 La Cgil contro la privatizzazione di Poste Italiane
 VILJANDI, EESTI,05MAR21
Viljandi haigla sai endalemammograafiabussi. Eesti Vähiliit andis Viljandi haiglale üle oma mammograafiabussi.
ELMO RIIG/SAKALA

* * *

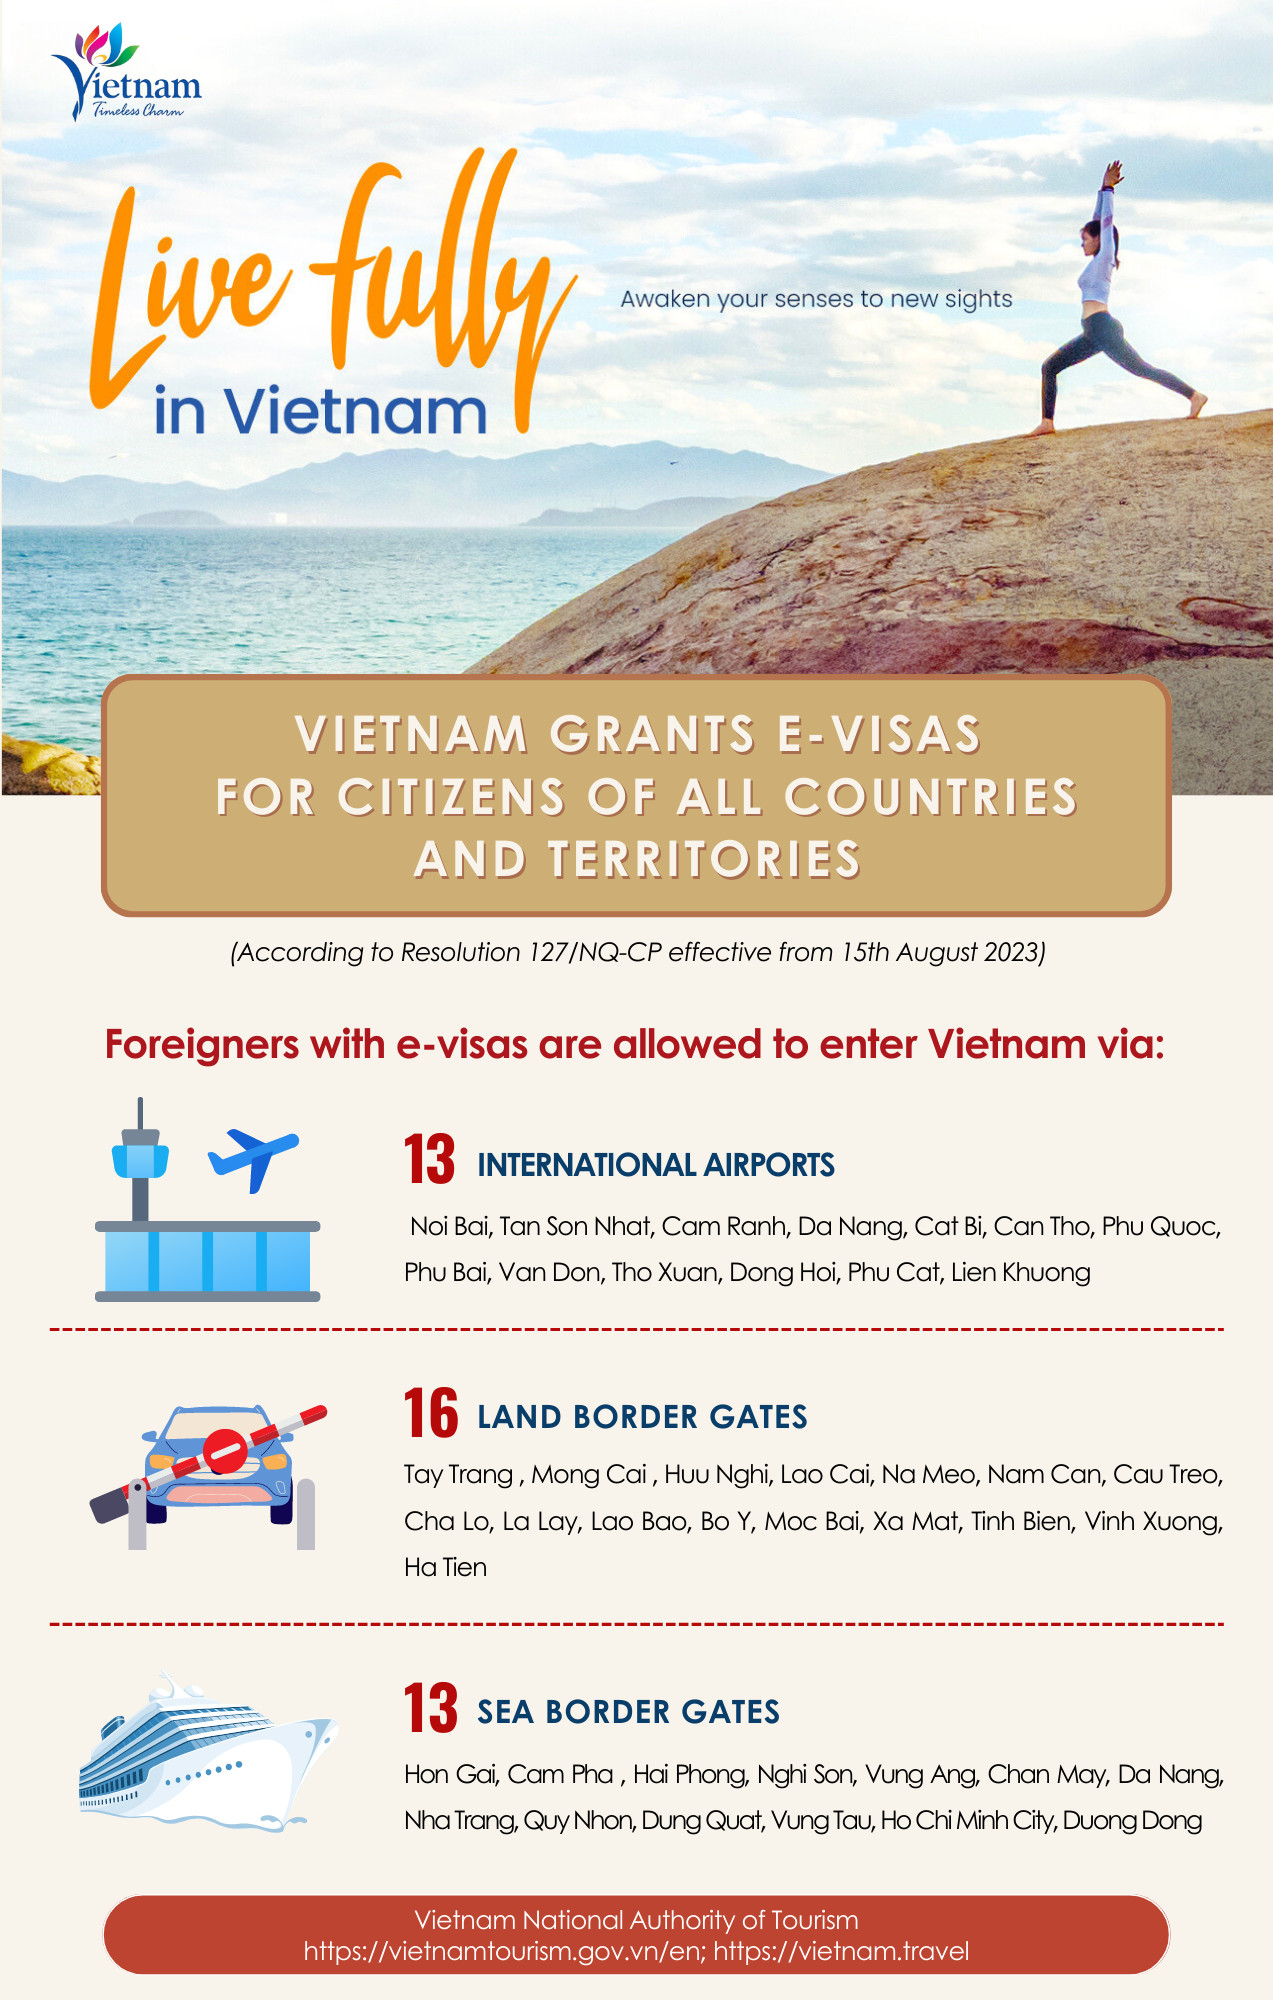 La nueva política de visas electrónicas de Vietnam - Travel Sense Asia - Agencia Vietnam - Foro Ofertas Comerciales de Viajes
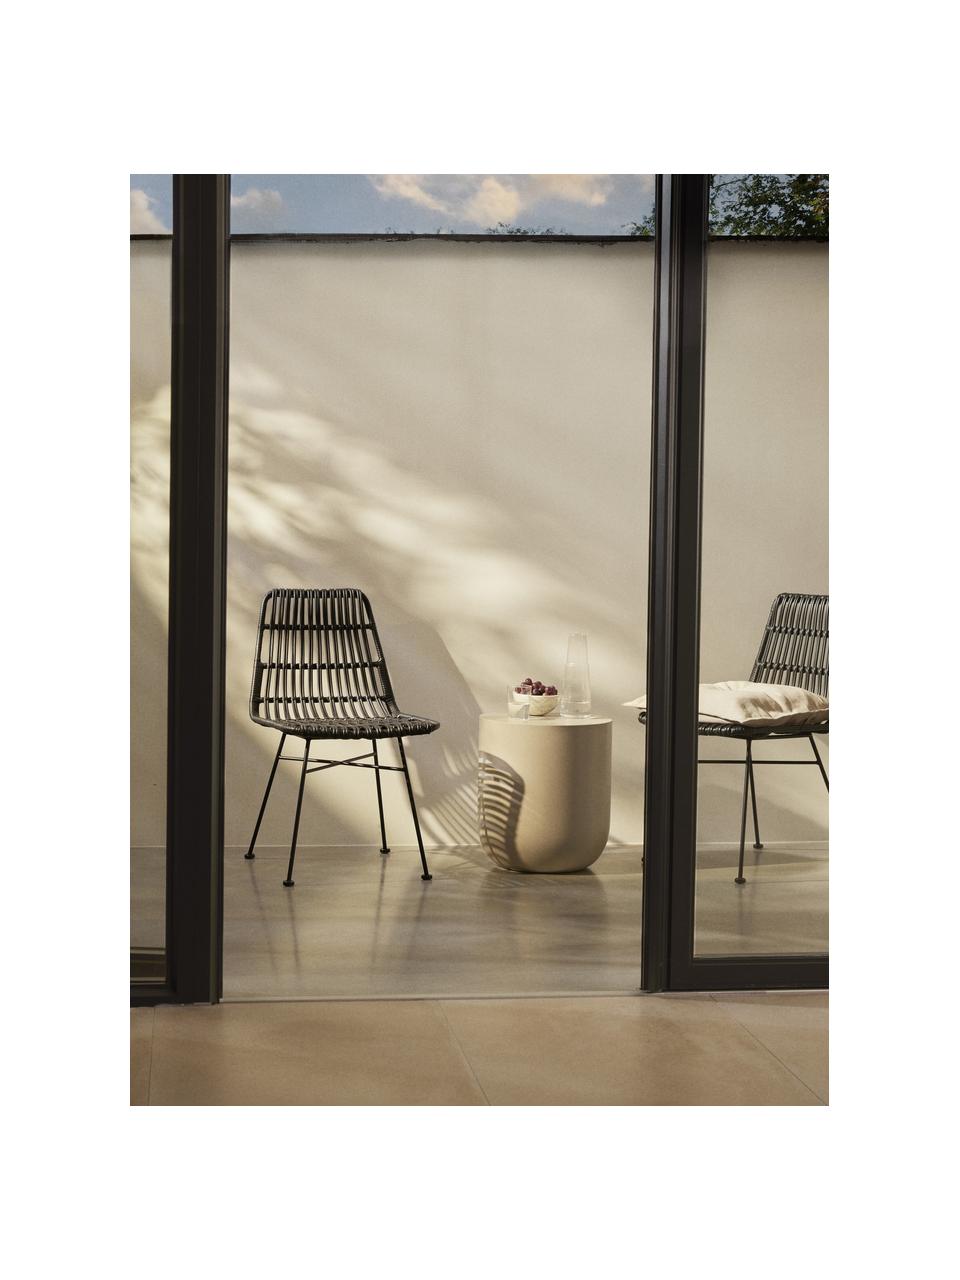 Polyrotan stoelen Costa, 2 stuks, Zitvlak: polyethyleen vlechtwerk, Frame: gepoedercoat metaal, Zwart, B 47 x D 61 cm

- _About this task_:
In the entries above, the lines between the one holding "La Cgil contro" and the one holding "ELMO RIIG/SAKALA", inclusive, are to be printed exactly as written, and those alone.

- _Completed exercise_:
 La Cgil contro la privatizzazione di Poste Italiane
 VILJANDI, EESTI,05MAR21
Viljandi haigla sai endalemammograafiabussi. Eesti Vähiliit andis Viljandi haiglale üle oma mammograafiabussi.
ELMO RIIG/SAKALA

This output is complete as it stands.